GitHub Copilot just added Moonshot AI's Kimi K2.7 Code to its model picker, and the milestone is bigger than it sounds. Kimi K2.7 Code is now generally available in GitHub Copilot, and it is the first open-weight model offered as a selectable option in the Copilot model picker. Every other model in the picker , GPT-5.5, Claude Opus 4.8, Gemini 3.1 Pro , is proprietary. You cannot download it, audit its weights, or run it yourself. Kimi K2.7 is different.
Kimi K2.7 is MIT-licensed, the full 1T parameter weights are public on Hugging Face, and GitHub is simply running a hosted copy on Azure for Copilot users who prefer not to manage infrastructure. The addition also completes a five-lab Copilot roster, with the model picker now spanning OpenAI, Anthropic, Google, Microsoft, and Moonshot AI , the broadest competitive set that any major coding tool has ever offered through a single subscription.

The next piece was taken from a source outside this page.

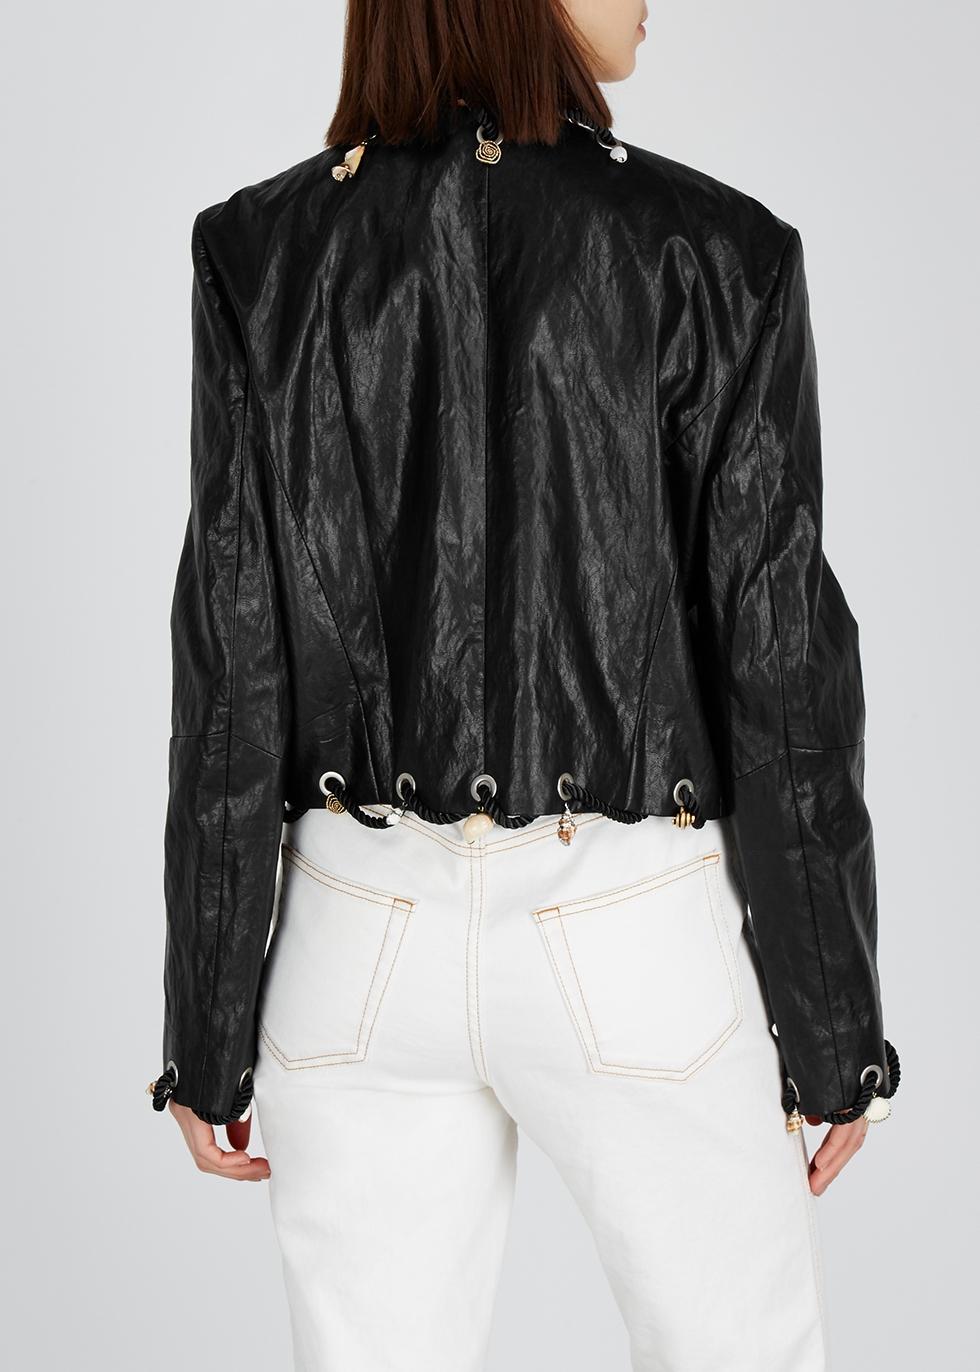 Ingrid embellished faux-leather jacket - Rejina Pyo

What K2.7 Code actually is
K2.7 Code is built on Kimi K2.6, with better long-horizon coding task completion and about 30% lower thinking-token usage versus K2.6. Under the hood, it packs 1T total parameters, 32B activated parameters, 384 experts, 8 selected experts per token, a 256K context window, native multimodality, and a MoonViT vision encoder. The MoE (Mixture-of-Experts) architecture is the key to making a trillion-parameter model affordable to serve: only a fraction of those parameters activate on any given token, keeping inference costs manageable.

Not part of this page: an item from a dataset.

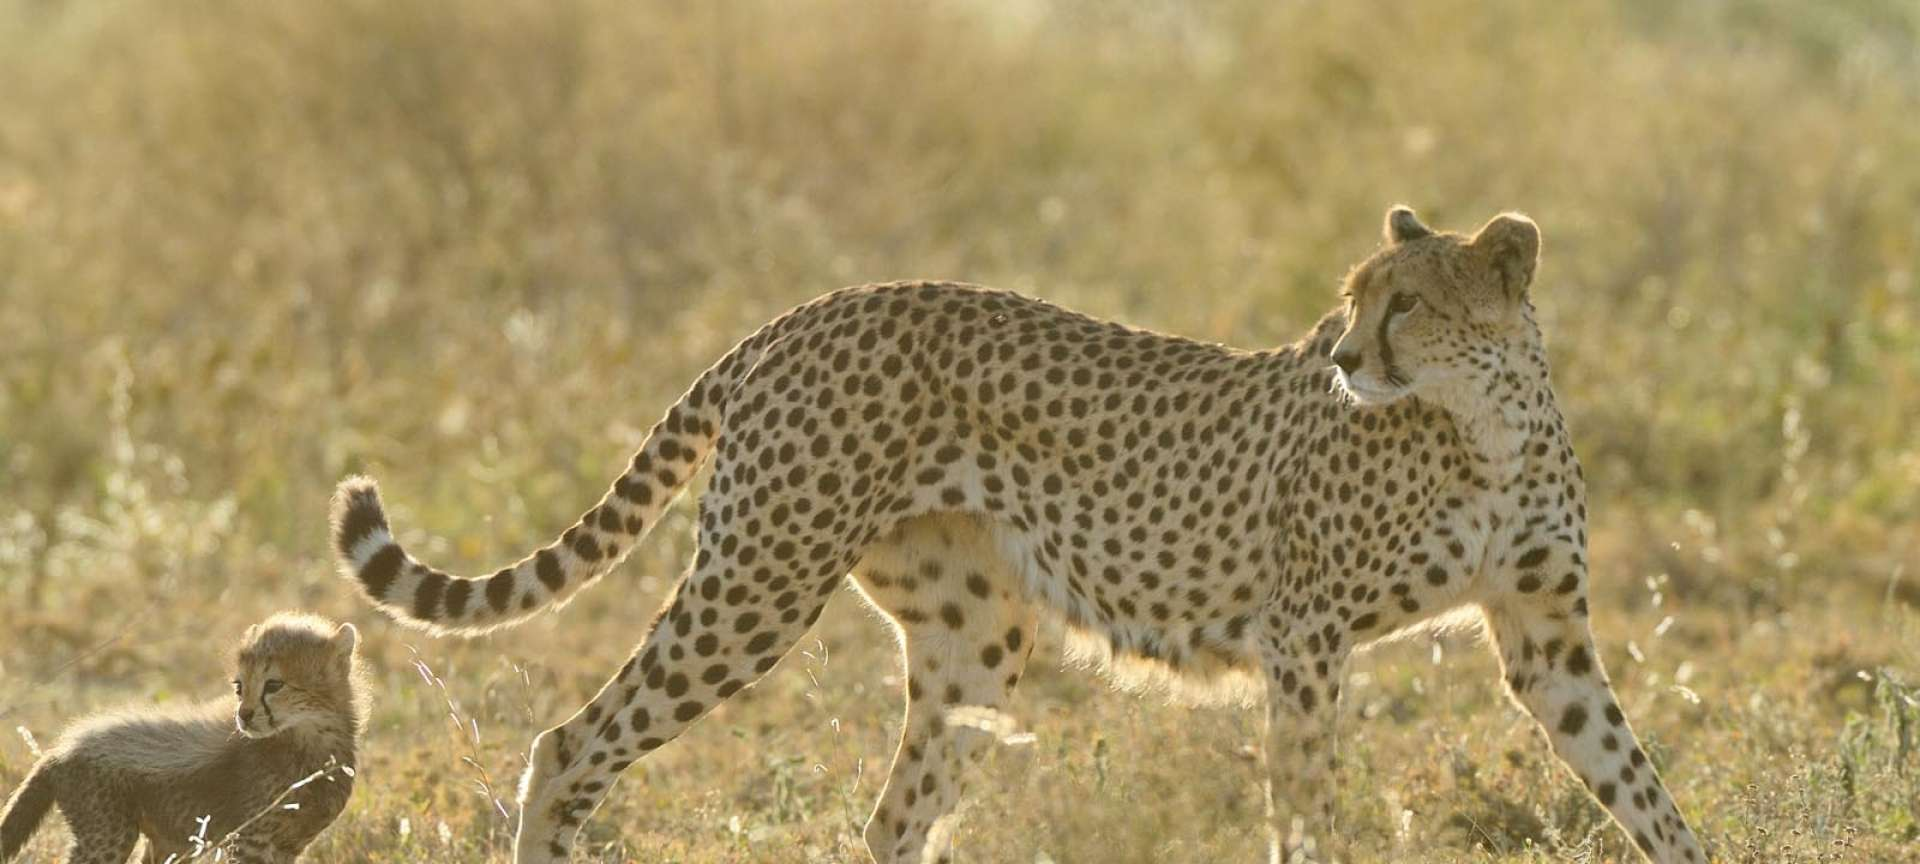 serengeti-wildlife-photography

Reasoning models tend to overthink, spending thousands of tokens deliberating on problems that don't need it. Kimi K2.7 Code significantly reduces this tendency, cutting thinking-token usage by approximately 30% on average compared with K2.6. Across every benchmark Moonshot tested, K2.7 achieves higher scores than K2.6 while consuming fewer tokens , meaning faster responses in interactive coding sessions, lower API costs in production, and agent workflows that complete more work within the same context budget.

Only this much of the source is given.